- Bettye Lane at the Washington Square Arch.
- Born: Elisabetta Foti September 19, 1930 Boston, Massachusetts
- Died: September 19, 2012 (aged 82) New York, New York
- Known for: Photography, photojournalism

= Bettye Lane =

American photojournalist (1930–2012)

Bettye Lane (September 19, 1930, Boston – September 19, 2012, Manhattan) was an American photojournalist known for documenting major events within the feminist movement, the civil rights movement, and the gay rights movement in the United States. She joined CBS television in 1960, and from 1962 to 1964 she was with the Saturday Evening Post. Her work has been published in the National Observer, Time, Life, and the Associated Press.
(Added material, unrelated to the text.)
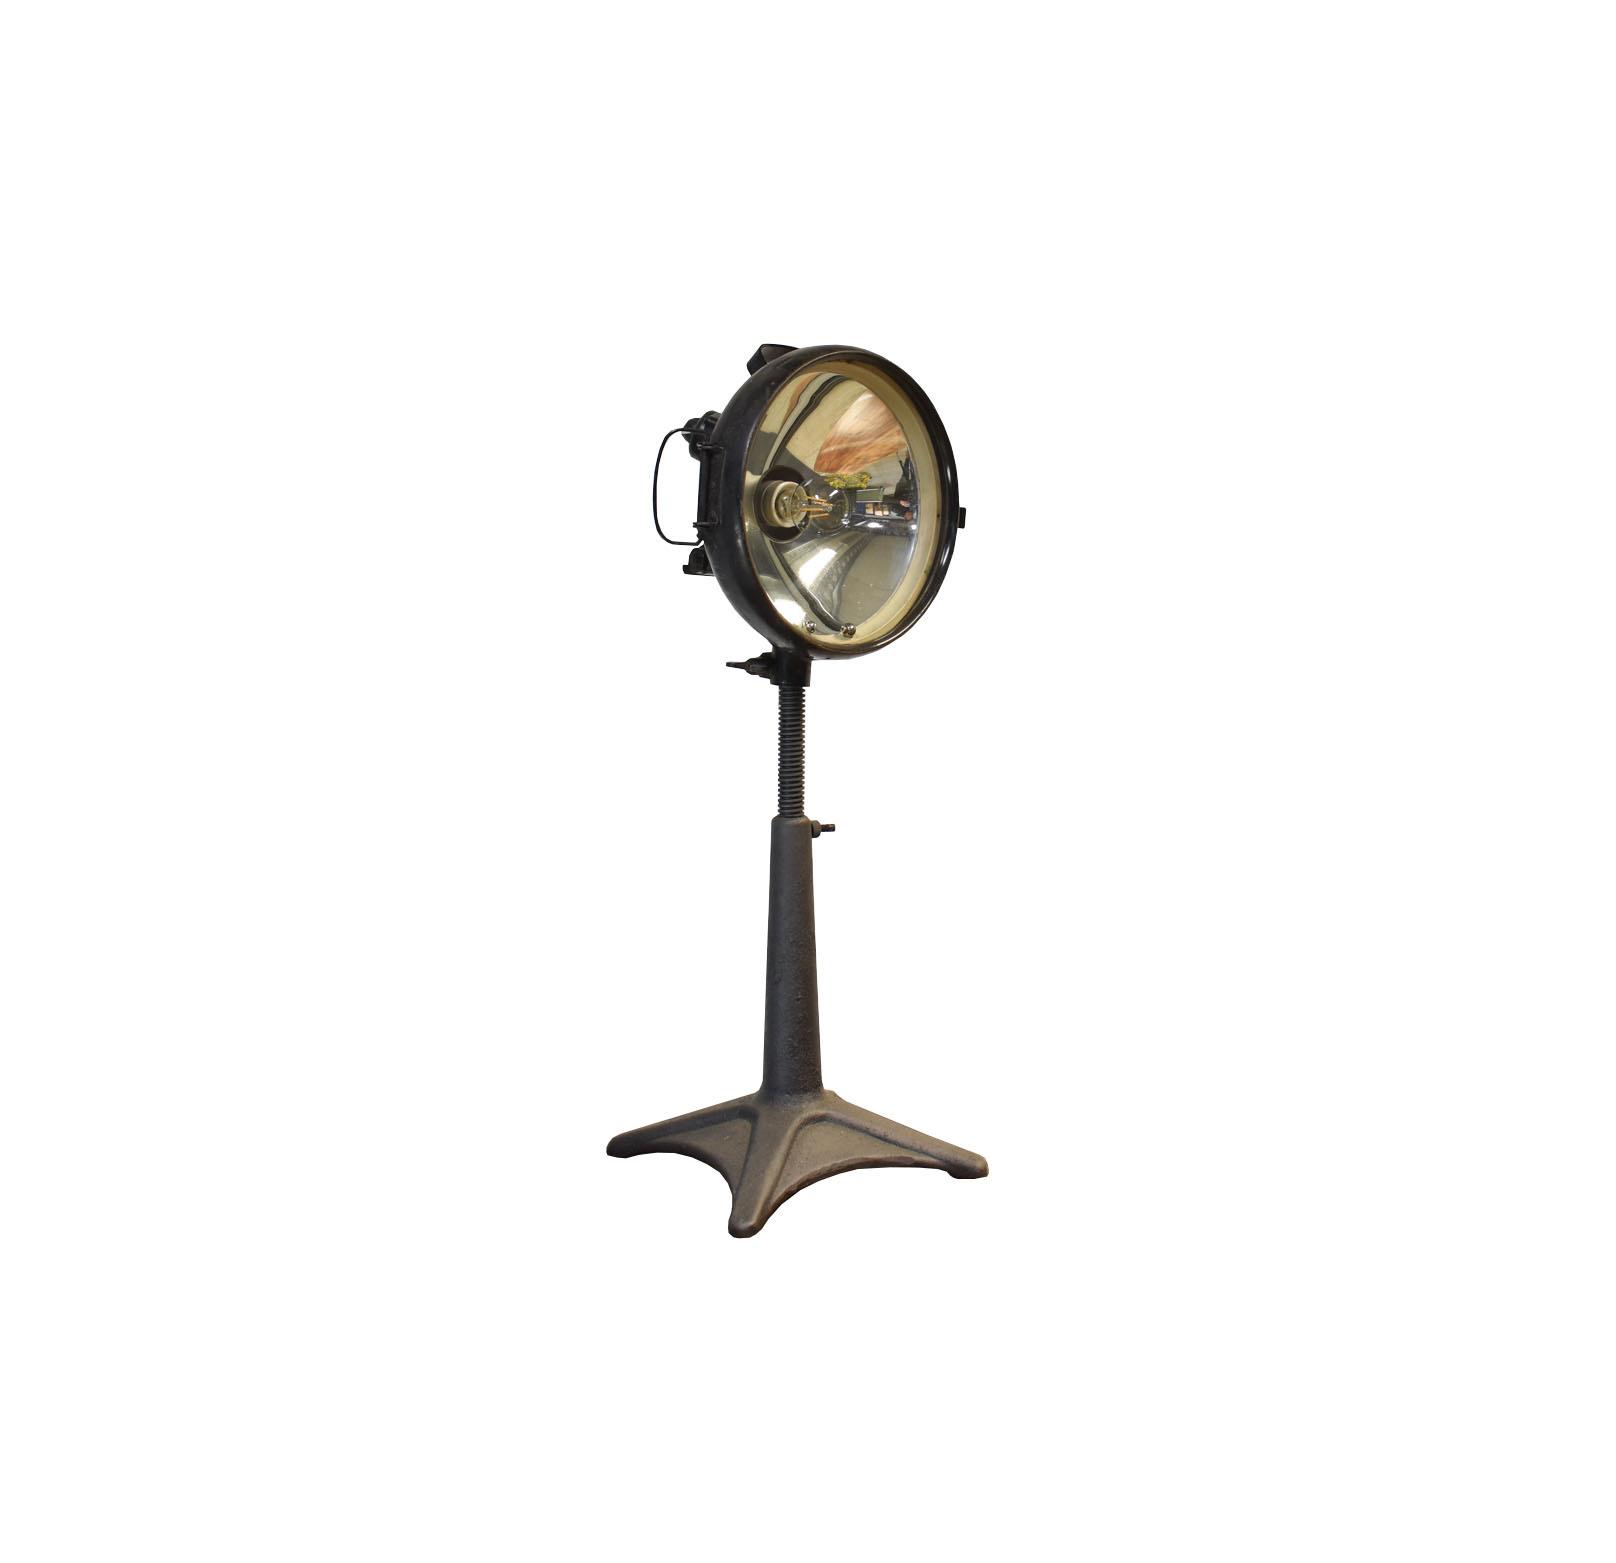 Carl zeiss jena Industriele tafellamp
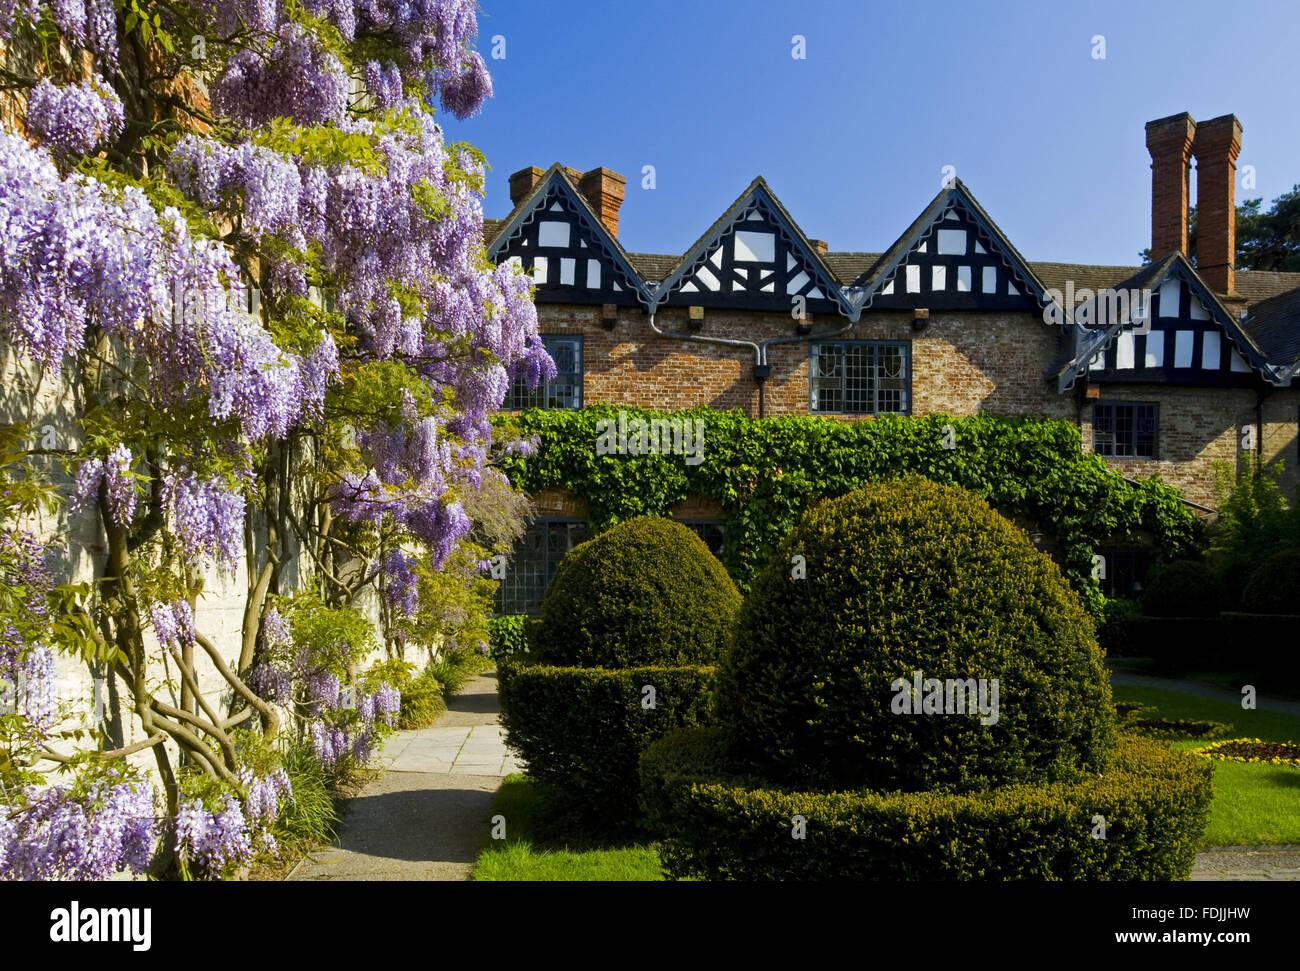 Glycine et topiaires dans la cour en mai à Baddesley Clinton, Warwickshire. Banque D'Images

Lane's work has been exhibited at the Smithsonian Institution and some of her photographs are part of the permanent collection at the National Museum of Women in the Arts. Her work is also part of the collections of the New York Public Library and the libraries at Harvard and Duke University. Her photographs have also been utilized in documentary films and published books.

Lane died on her 82nd birthday.

== Early life ==
Bettye Lane (born Elisabetta Foti) was one of the eight children of Italian immigrants Luigi and Antonietta Foti. After her father returned to Italy, her mother was left struggling to pay the bills and was forced to put her into the care of a wealthier family for a time. Elizabeth was later forced to drop out of elementary school to work in a shoe factory. After a brief marriage to a World War II veteran, she moved to New York, keeping her married name.

== Career ==
Lane became exposed to public relations in 1959 when she began to attend the Boston University School of Public Relations and Communications. Lane finished school in 1962. From 1959 to 1962, Lane was affiliated with the Harvard University News Office, exposing herself to working with current events. Additionally, Lane was hired by CBS television in 1960. Lane's work with public relations and the news, from 1959 to 1962, prepared her for her first job as a photojournalist. In 1962, the Saturday Evening Post hired her as a photo journalist and she worked there until 1964. In 1966, the National Observer hired Lane for the same position and she stayed there until 1977. Lane was hired by the National Observer after she met the newspaper's photo editor at protest in 1966. He was so impressed with her devotion and dedication that he hired her and eventually helped make her become known as the official photographer of the women's movement.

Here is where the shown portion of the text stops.